Prefeitura de Sete Lagoas / Foto: reprodução internet

Buscando então uma forma de ressarcir os cofres do município, evitar ainda novos atrasos, o que contribuiria de forma indispensável para uma solução do problema financeiro, foram distribuídos pela Procuradoria Geral do Município dois processos na terça-feira (6). O primeiro (nº 5010030-66.2018.8.13.0672) trata de repasses oriundos do ICMS, IPVA e Fundo de Desenvolvimento e Manutenção da Educação Básica (Fundeb) que atualmente representam R$ 29.931.337,46 em atraso. O segundo (nº 5010258-41.2018.8.13.0672) se refere ao confisco de recursos da Saúde que atualmente chega ao montante de R$ 78.364.915,71. Os dois pedidos foram feitos na modalidade Ação de Obrigação de Fazer com pedido de Tutela de Urgência.

Desde 2017 o Governo de Minas retém recursos dos municípios mineiros. A medida, sem qualquer aviso prévio, prejudica o planejamento das administrações e, em diversos municípios, já chega a inviabilizar o pagamento do funcionalismo e a execução de serviços básicos. Nesta terça-feira, 6, a Associação Mineira dos Municípios (AMM) levou sua diretoria e dezenas de prefeitos ao Tribunal de Justiça de Minas Gerais para pedir “socorro” ao Judiciário quanto a esta situação. “Cada prefeito está fazendo um milagre em seus municípios para pagar o funcionalismo. Tem prefeitura que não paga desde agosto, outras tem dois ou três meses. Acredito que, até o fim do ano, 90% das prefeituras não vão pagar. Além de reter o Fundeb que paga os professores, o governo está confiscando todo o ICMS. A culpa não é do prefeito, é do Governo do Estado que fez um rombo e pega o dinheiro dos municípios para corrigir uma falha dele”, comentou Gilvan Lacerda presidente da AMM.

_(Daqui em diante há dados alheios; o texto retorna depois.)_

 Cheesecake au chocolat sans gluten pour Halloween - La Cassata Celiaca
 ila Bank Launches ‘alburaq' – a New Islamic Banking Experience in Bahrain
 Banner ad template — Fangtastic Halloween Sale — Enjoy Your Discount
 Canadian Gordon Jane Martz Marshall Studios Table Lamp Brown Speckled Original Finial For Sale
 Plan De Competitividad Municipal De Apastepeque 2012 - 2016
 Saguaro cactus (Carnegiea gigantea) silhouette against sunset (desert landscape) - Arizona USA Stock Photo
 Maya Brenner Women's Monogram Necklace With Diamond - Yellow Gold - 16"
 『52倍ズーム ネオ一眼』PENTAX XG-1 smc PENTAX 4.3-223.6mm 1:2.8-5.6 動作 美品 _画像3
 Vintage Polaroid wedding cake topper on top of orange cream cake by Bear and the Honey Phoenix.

De acordo com o a última atualização no sistema da AMM o Governo de Minas deve para Sete Lagoas o total exato é R$ 108.296.253,18. O atual extrato negativo do Estado com o município foi atualizado no dia 31 de outubro e apresenta os seguintes números: R$ 78.364.915.71 da Saúde, R$ 14.588.731,22 do Fundeb, R$ 8.938.882,41 de ICMS, R$ 4.436.089,49 de juros e correções do ICMS, R$ 1.297.544,34 de juros e correções do Fundeb, R$ 606.100,00 em parcelas do Piso Mineiro de Assistência Social e R$ 63.990,00 de transporte escolar.

Mesmo diante de tal situação a Prefeitura está conseguindo manter serviços essenciais em funcionamento. Saúde, educação e funcionalismo público estão sendo a prioridade da administração. Nesta quinta-feira, 8, será quitado o restante da folha que estava pendente. Até este momento, apenas 4% dos servidores não haviam recebido seus vencimentos. Uma resposta positiva da Justiça no julgamento da demanda, seria uma forma de garantir o fechamento das contas de fim de ano e o pagamento de servidores e fornecedores.